Size, grains, shiny, solidify, directions, nuclei, deposition, pattern, particles, homogeneous

1. Crystallization proceeds by … of solid particles of iron from the melt.

2. You can see crystalline … in a fractured surface of low carbon steel.

3. The term "fine grained" means that the … of crystals is rather small.

4. … are imperfect crystals formed in the process of the crystallization of iron.

5. Dull is the antonym of "…".

6. Atoms are grouped according to a definite geometrical ….

7. The melt is considered to be ….

8. The skeleton structure extends in three ….

9. The molten metal will … on cooling.

10. Certain positions in the melt where solidification begins are called the … of solidification.

1. Disagree with the following statements. Prove your reason. Use the expressions: On the contrary… It is clearly seen from the text …

1. Only iron crystallizes in solidifying.

2. The iron particles always form perfect cubes.

3. The process of crystallization starts at one centre.

4. The term "coarse- grained" means that crystals are very small.

5. At ordinary temperatures iron crystallizes as a face- centered cube.

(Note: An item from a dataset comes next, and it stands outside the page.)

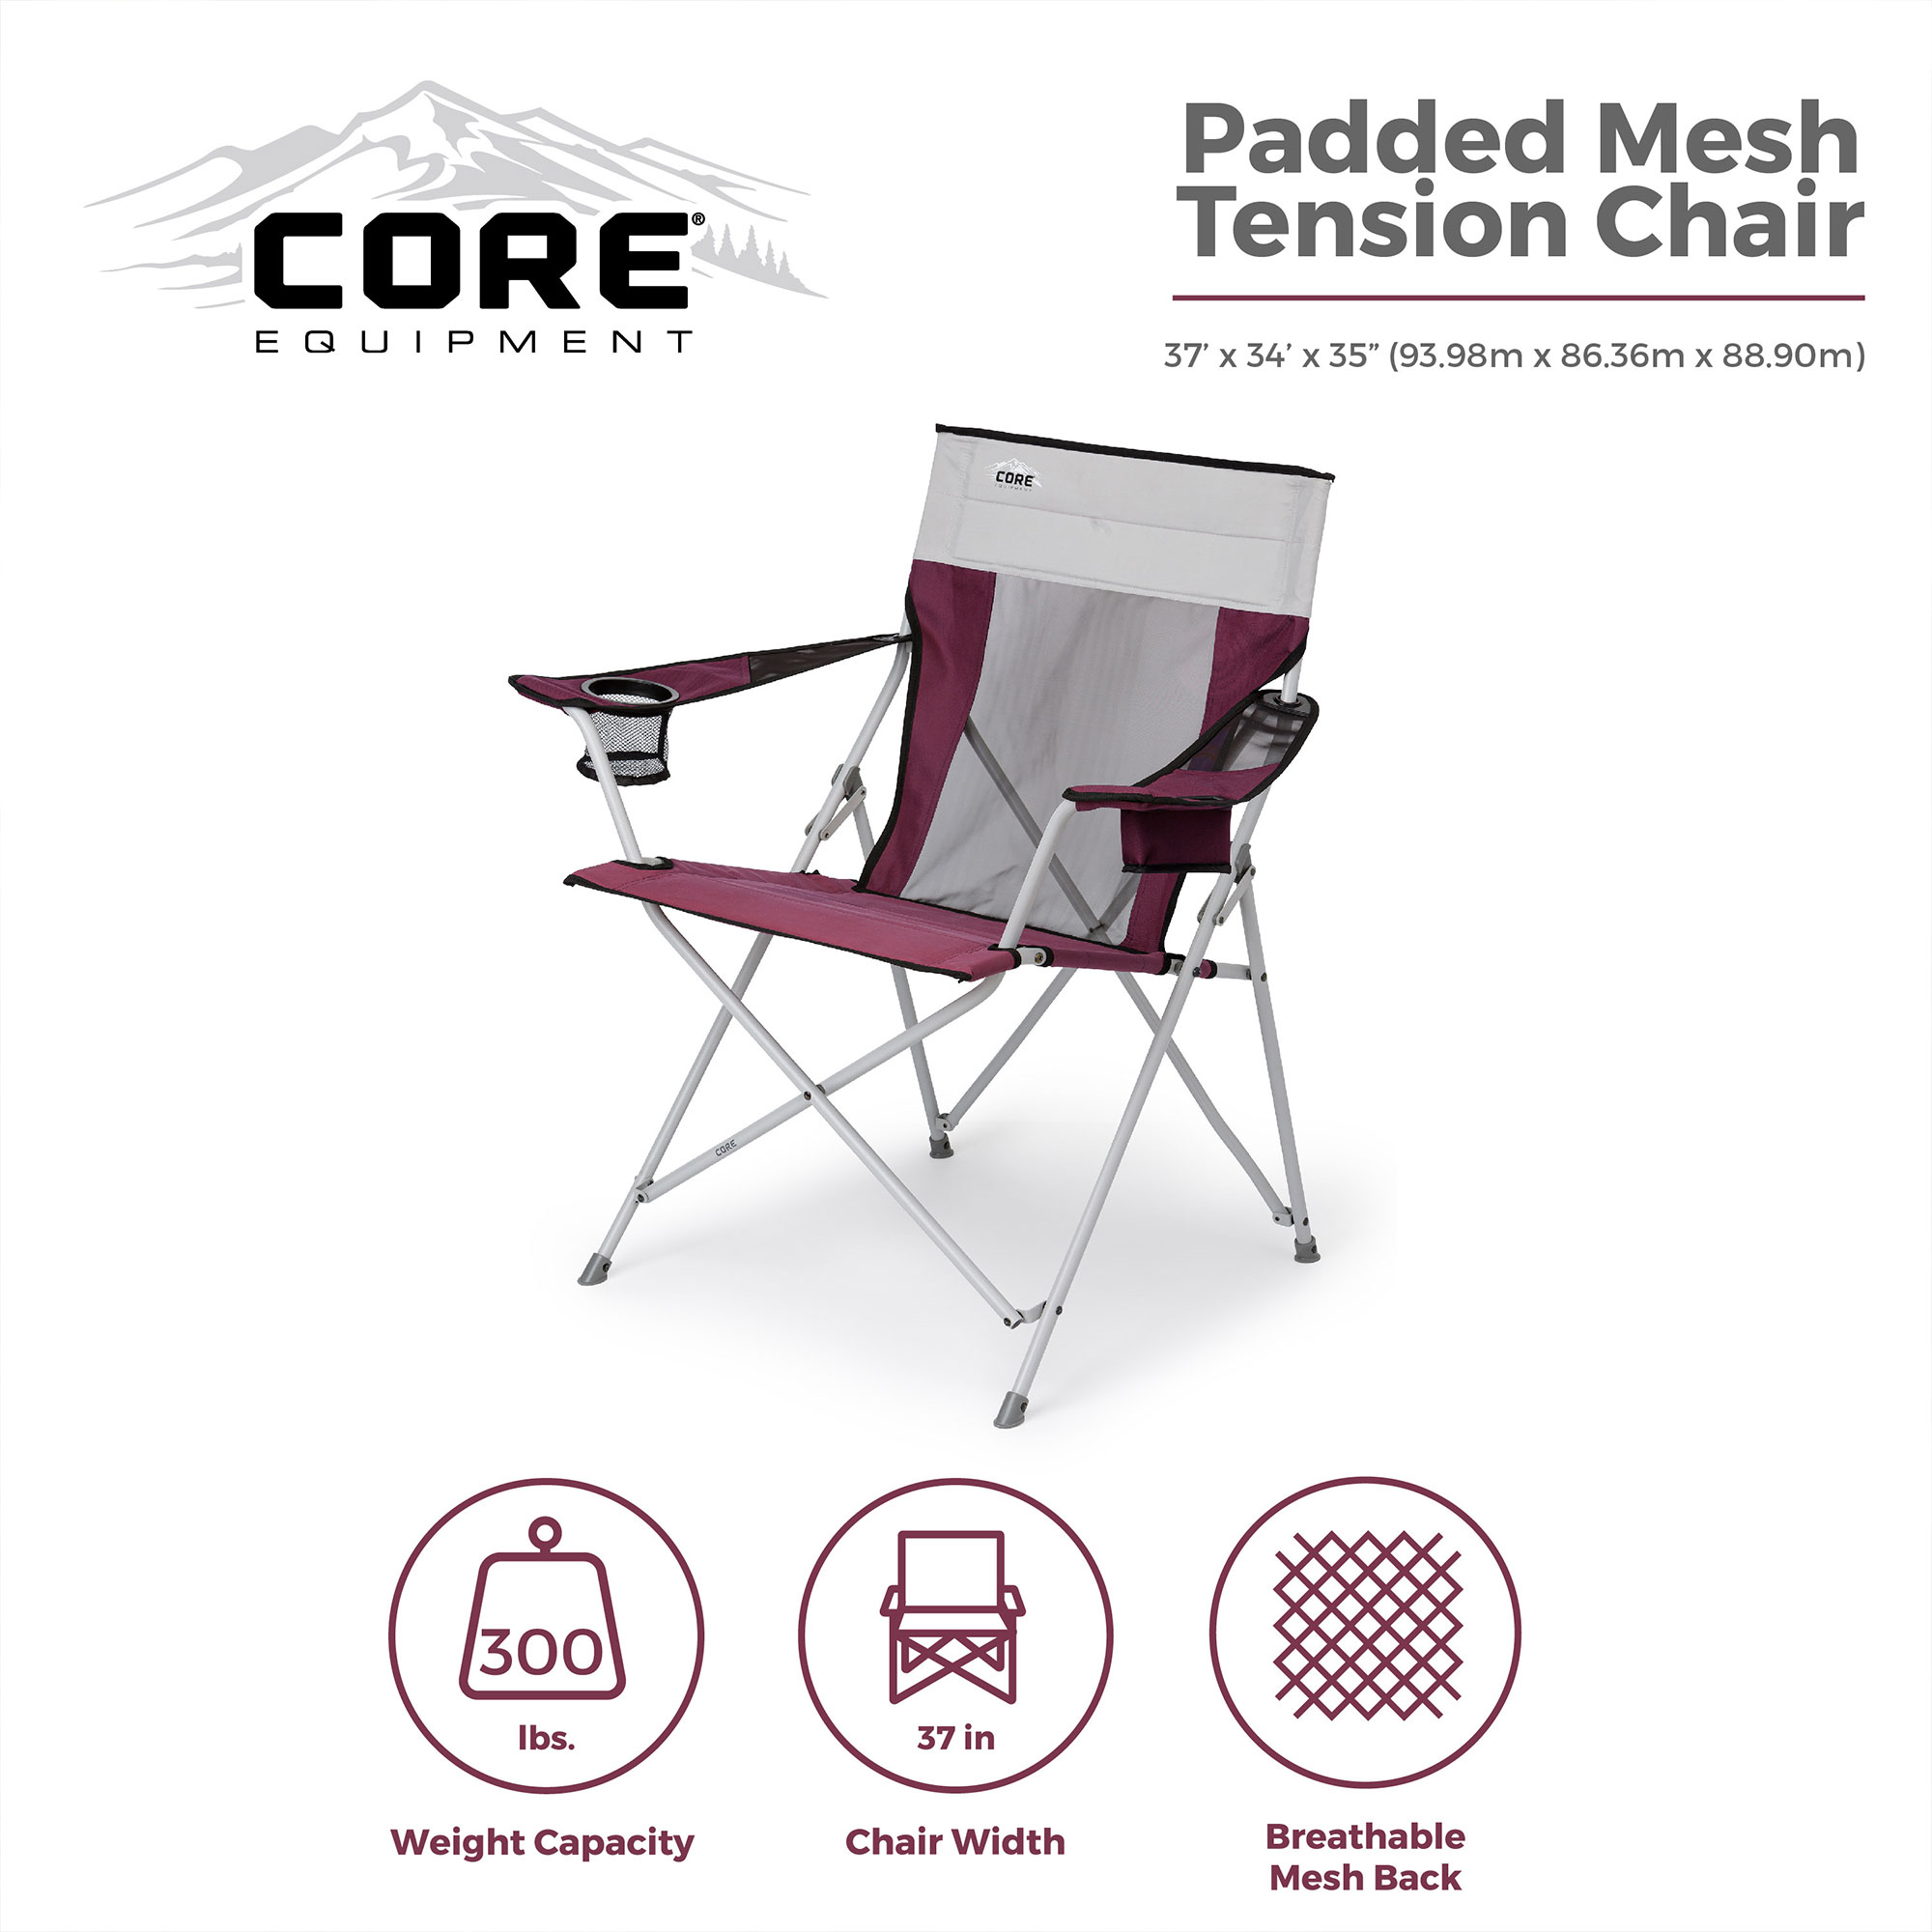 Core Portable Outdoor Camping Folding Chair with Carrying Storage Bag, Wine - image 5 of 6

6. The metal less rich in iron solidifies first.

7. There is only one pattern according to which atoms form the crystalline structure.

8. The process of crystallization does not depend on any change of temperature.

1. Translate the text in writing. Use a dictionary. Find answers to the questions:

1. What kind of metal structure testing is used when the structure is visible to the naked eye?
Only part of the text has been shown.